Stardust(198)
“Like something out of the movies,” Bunny said flatly.
The others were moving in now, filling the lobby. Liesl was posing with the servicemen, two on each side. Her father, looking slightly lost, had arrived with Salka. She was beaming, reminded perhaps of the old opening nights at the Ufa Palast, but no one in the bleachers paid any attention. Only Polly recognized them, nodding to Ostermann, her neighbor at the hearing, now someone she mentioned in her columns. The Conscience of Germany. There was talk of a Nobel, she’d heard. Behind her, Kelly was holding her mike, doing a remote check. When he looked up he caught Ben’s eye for a minute, an odd questioning, the sound stage accident mixed up with the Cherokee somehow, a scent nobody was following, Ben an inexplicable connection. But Kelly had moved on to another beat, no longer doing Cagney, and Dick Marshall was getting out of his car, the story he’d come for.
Ben went in, sitting in one of the back Continental rows, watching the rest of the audience kissing and waving across aisles, a party. Bunny hurried down front with Rex and Sam and some men from the front office, talking as he went, Lasner on the carpet at Grand Central. Little Brian Jenkins, quick as a bunny. Then Liesl came in between the Army and the Navy and the lights started to dim.
It was the kind of company audience that applauded the credits, little salutes to their friends. Imre Tabor, ten years out of Budapest, had directed, and Epstein had done the music and Simco the photography, all Europeans, but whatever edge they may once have brought had been smoothed out, maybe forgotten. It was a studio picture, bright, every eyebrow in place. Ben wondered for a second what might have happened to Kaltenbach if he’d stayed, got lucky with Exit Visa, shepherding Danny’s story through rewrites. A vehicle for Dick. Stranger things had happened.
On the screen a process shot of ruins dissolved to a studio interior, the family waiting for the Allied liberation. Then Liesl’s first appearance, riding a bicycle, hair blowing. Applause. Her face in close-up, young, fearless, the one Danny must have known. In a second a retreating German soldier would grab the bicycle, force her into the doorway, struggle with her until she got his gun, shot him. The scene that would come in handy in real life, holding the gun steady in the nightclub set, standing over Dieter on the floor. Ben standing there, too. Are you finished now? Bunny had said. Danny finally avenged. But how could you ever be finished with murder? An endless accounting. There was always more. Reasons. And once you did know, what did you do? Not all deaths are alike.

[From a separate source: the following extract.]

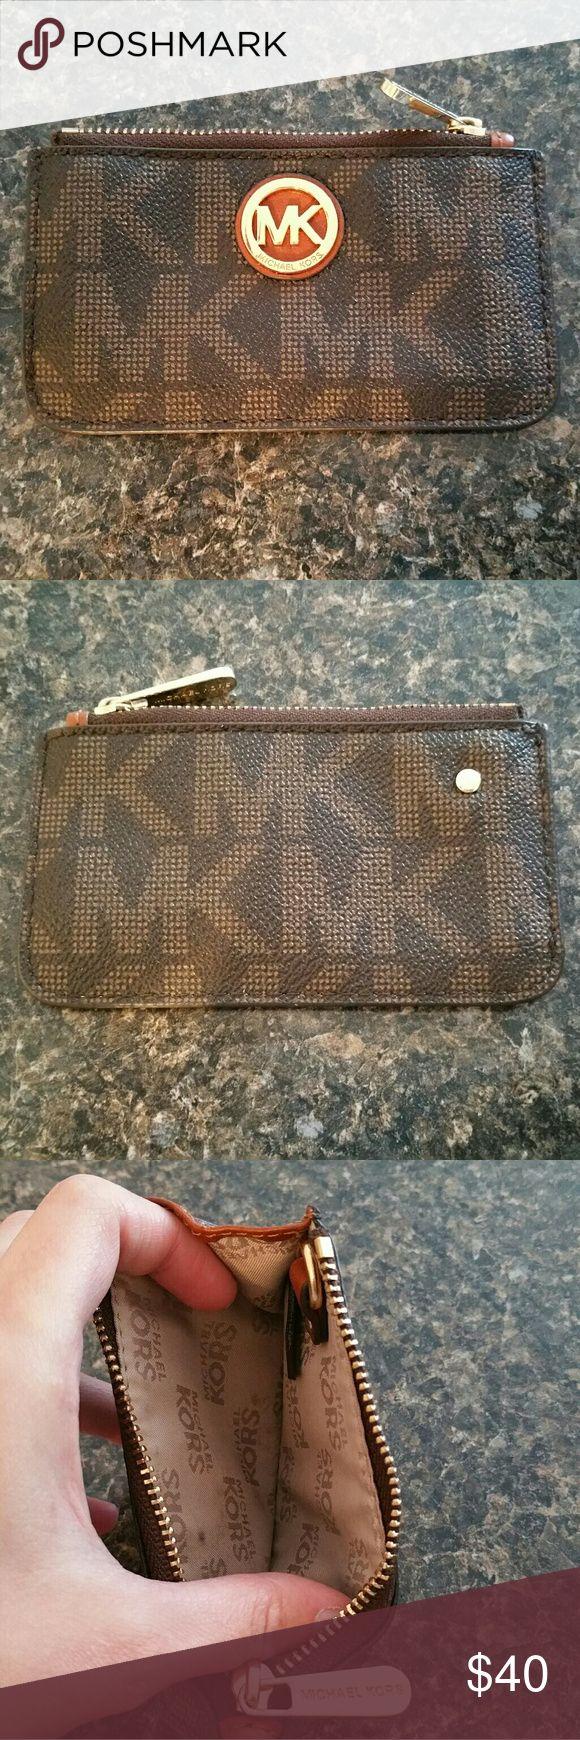 Michael kors coin purse Michael kors coin purse. Excellent condition! Michael Kors Bags Wallets
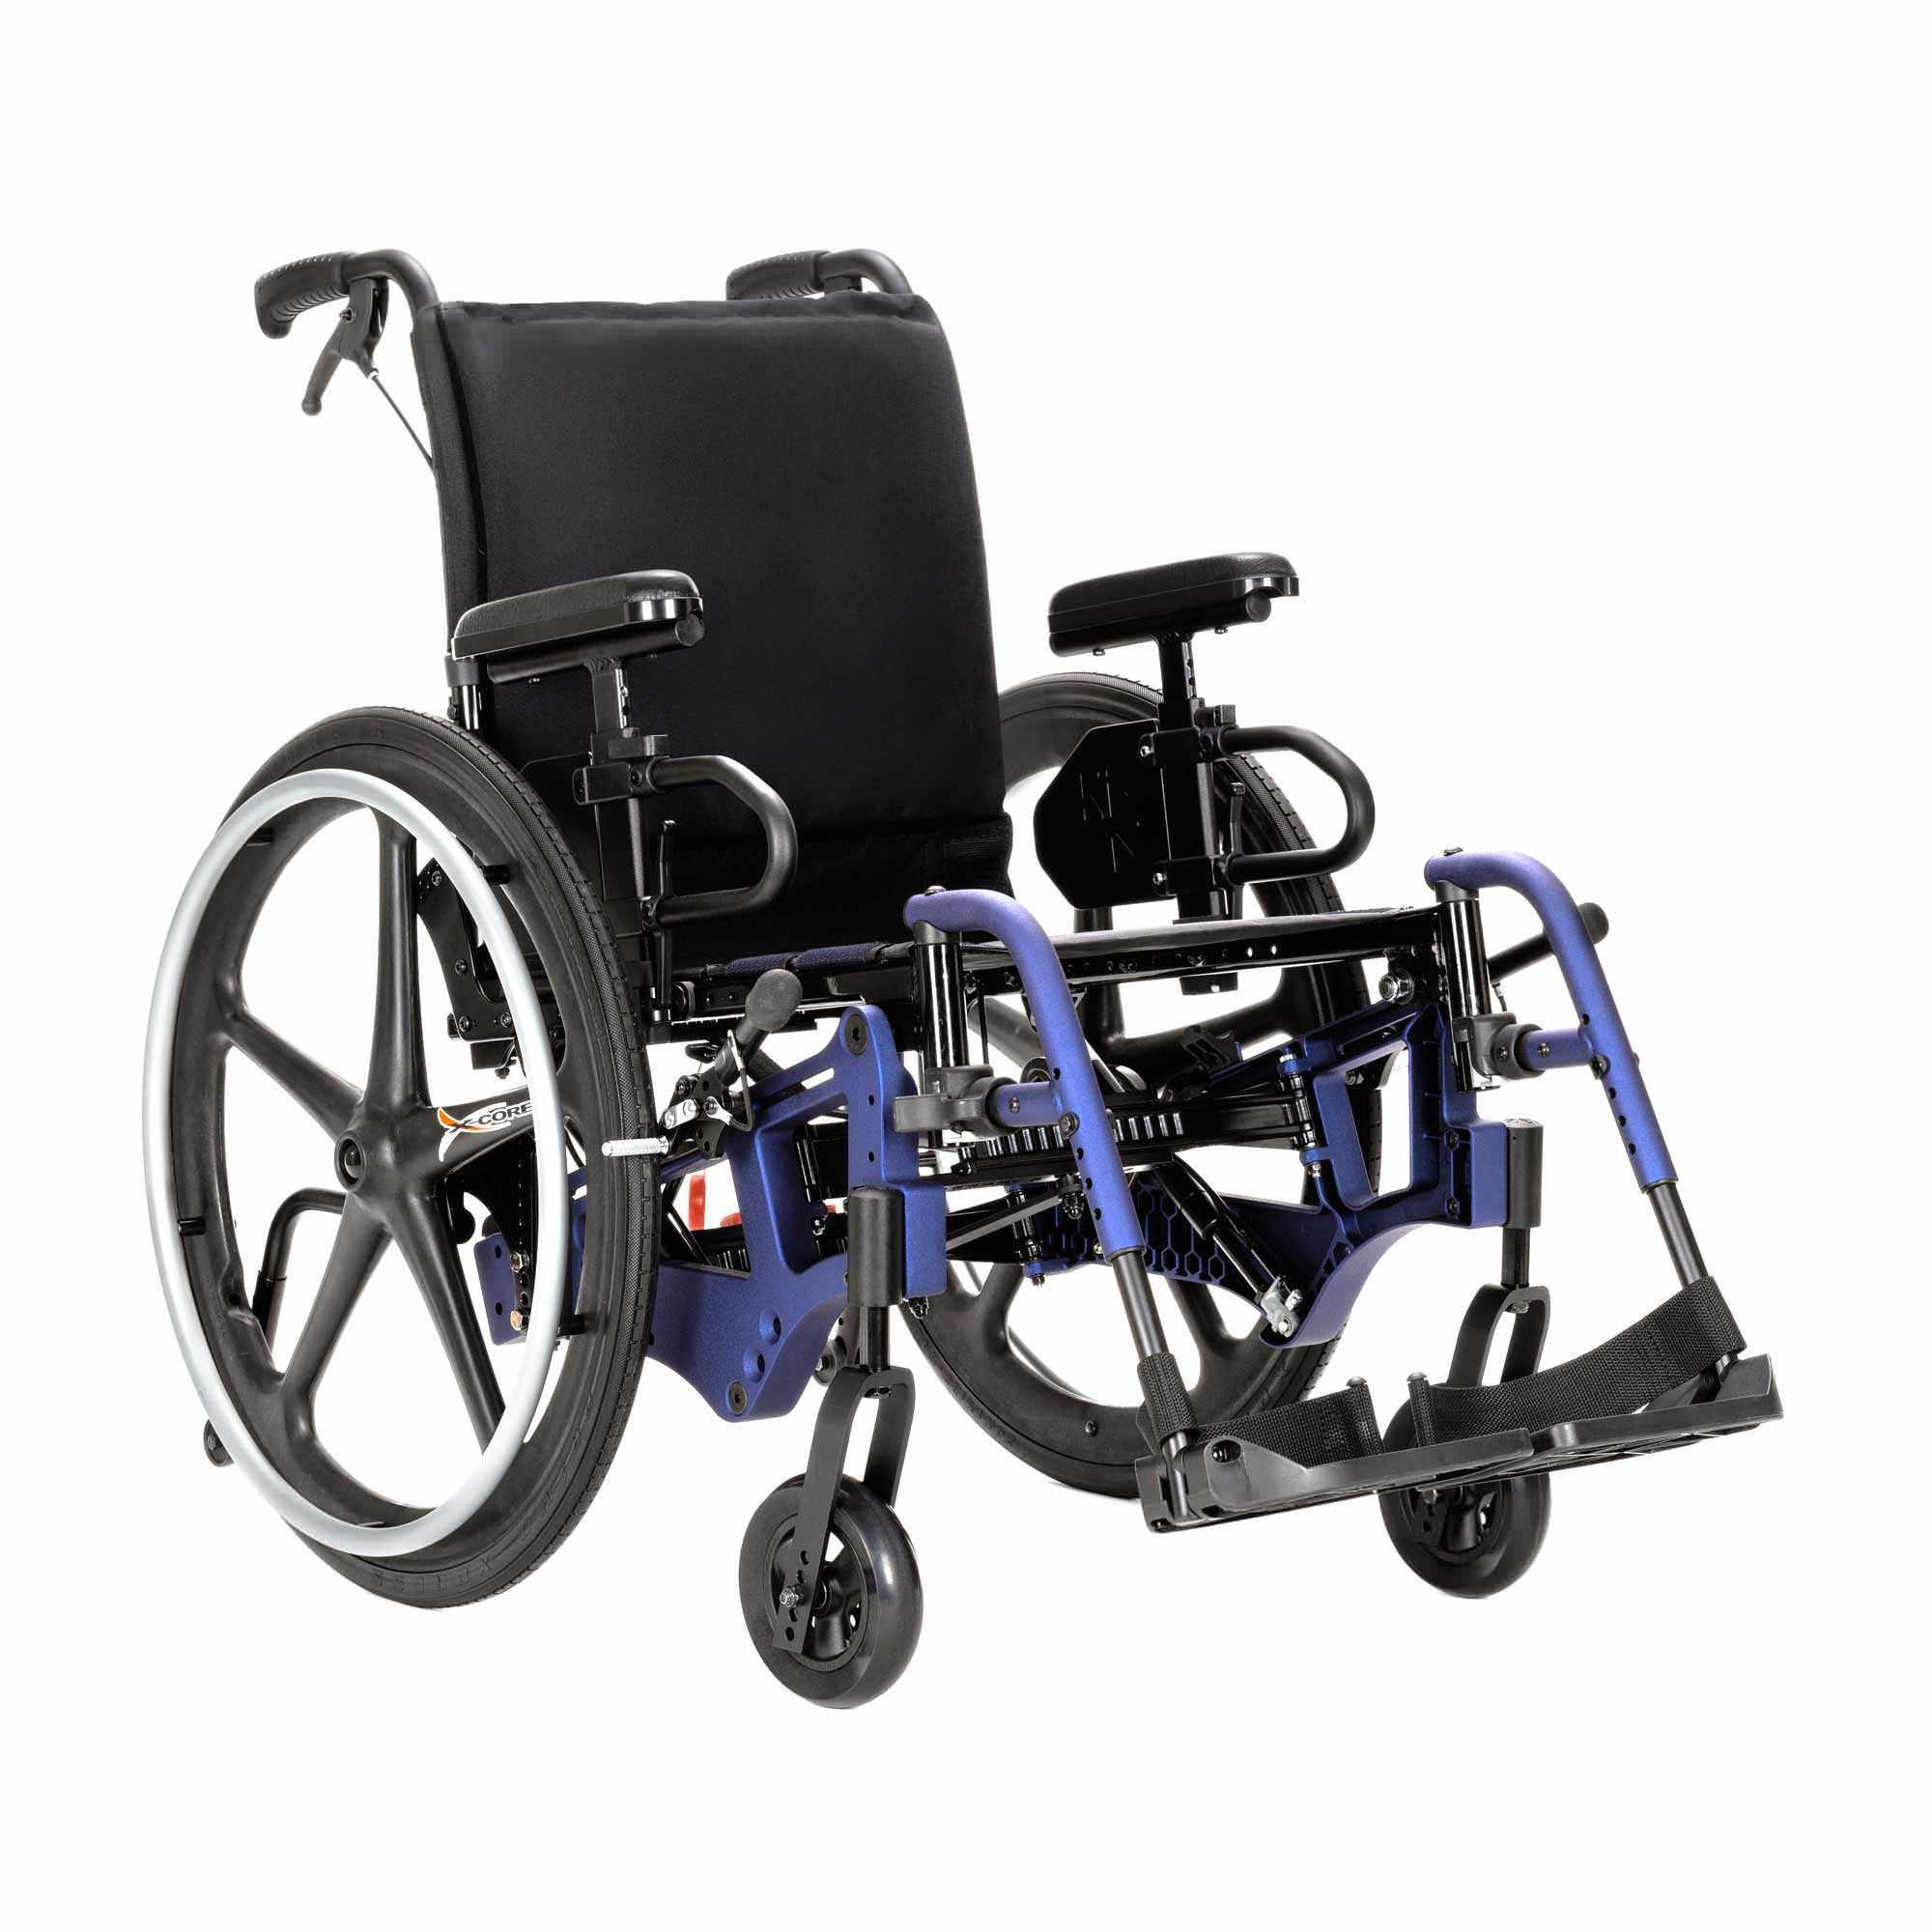 Ki mobility Liberty FT tilt wheelchair

Liesl was heaving, distraught, racing to safety. Now the advancing GI who would discover her, deliver her, and then come to call. The war as Continental saw it. Not the rest of it, not what Ben had seen. He glanced down toward Bunny. There were a hundred ways he could interfere, keep the faces off the screen. Would it matter? What was it worth to them, already gone? Had it mattered to Danny, Dieter finally lying in a pool of his own blood? But it had to, somehow. To us. What if we never saw the faces, stayed in the dark?
He felt the hand on his shoulder just as the screen Liesl shot the gun, making him jump. An apologetic publicist, drawing him quietly out to the lobby, a waiting phone.
“He’s asking for you,” Fay said. “I know you’re in the middle—”
“Is he—?”
“I don’t know. He keeps coming back. An ox.”
“But you called.”
“I have a feeling, that’s all,” she said, her voice small, afraid.
“I’ll be right there.”
The same hospital smell as he walked in, sharp disinfectant cutting through air thick with blood and waste, the same as Danny’s hospital, all of them. The linoleum in the corridor, just mopped, glared in the overhead light.
Fay was sitting in the room with Paulette Goddard, waiting together, maybe as they’d once waited in casting offices to show their beautiful legs. Now they both looked drawn, sober, their usual sparkle muted. The way his mother might have waited for Otto, if she had been there, if any of them had. They squeezed his hand, a silent hello.
Sol was lying half propped up, eyes closed, his skin gray, thin hair pasted down with sweat. A plastic tube hissed oxygen in his nose, and a bottle hung next to him, dripping fluid through an IV. His face looked slack, old, the corners of his mouth white with dried saliva.
“How’s her picture?” he said, opening his eyes a little.
“The audience likes it.”
Sol grunted. “They’re on the payroll.”
“How are you?” Ben said, coming over to the bed, resting his hand.
“I’m signing up with Arthur Murray.”
“I’ll teach you for free,” Fay said.